Razorfish, "marketing agency, design and entrepreneurial experience to the digital world", has just published the paper FEED: The Razorfish Consumer Experience Report, available in pdf, a complete report of over eighty page report intended to facilitate better understanding of how today's digital technology affects the experiences and behavior of consumers, and with the mission to explore new trends that will shape those experiences in the future.

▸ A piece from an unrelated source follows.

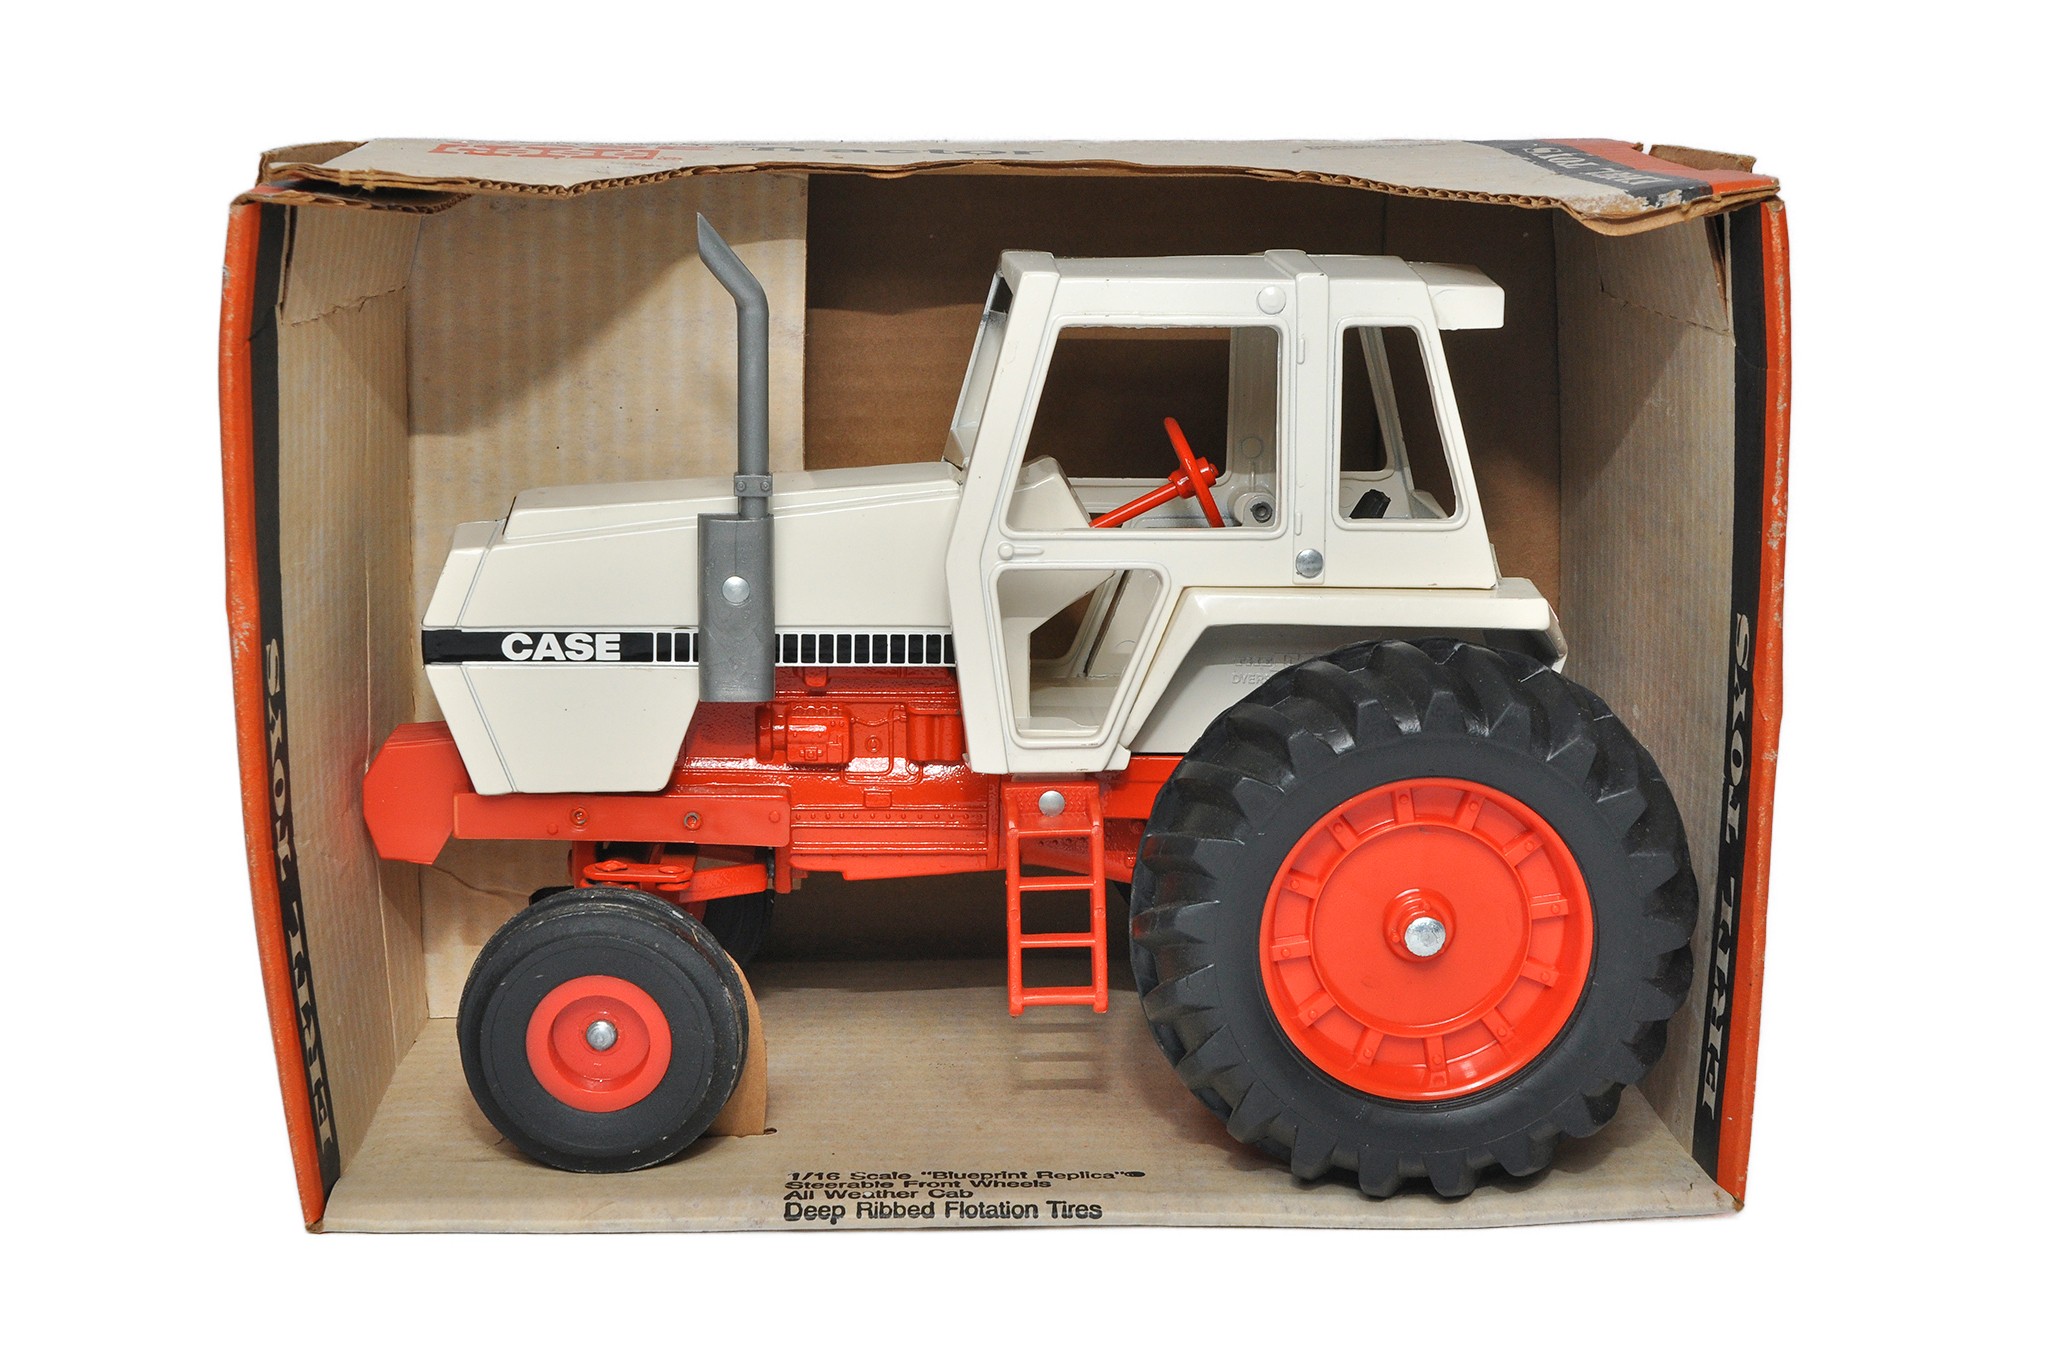 Ertl 1/16 farm model issue comprising No. 269 Case 2590 Tractor. Looks to be excellent in very

In this version of FEED, which discloses the results of a survey in which 2008 to more than one "connected users" (people with broadband access who spent at least $ 200 a year online, visit or belong to a community-YouTube, Facebook, MySpace, Wikipedia, and consuming digital media), the report highlights the very rapid Razorship incorporation being made of new technologies, increased use of search engines as the primary mode of navigation (91% of respondents use Google, Yahoo, MSN, AOL and Ask.com homepage), the widespread adoption of Web 2.0 and the significant increase in the use of media and social networks. It also emphasizes that the user is now more technically skillful, is more open to experimentation and-most importantly-is more active than ever.
Thus, referring to the challenge posed to the above marks, which must adapt promptly to changes in customer behavior. Companies wishing to succeed must generate content that engage the audience, and reach it through their own channels of communication in addition to providing services that add value (according to an expansive and increasingly complicated delivery model information), beyond the simple advertising messages with the traditional marks are used to reach your audience. They must rethink the way we build relationships with consumers before it's too late.
In that vein, the report aims to answer questions FEED as: Are widgets the TV of the future? Do the media and social networks influence the purchasing decisions of users? How does one "live" online today? How Web 2.0 has changed the behavior? What is the use that people are actually giving to Twitter?
About the latter, from Razorfish speaks of the implications of the users are "always ready", "everywhere" and "communicating at all times", and the emergence of a new form for this communication, the "micro-interactions "greater weight of opinion and degree of influence, both socially and commercially. For marketing professionals and entrepreneurs on the Internet means a huge opportunity, but also an ongoing challenge and demanding when it is finding the monetization model for a site or service, it is likely that users will already be changed or interest the way people consume and interact.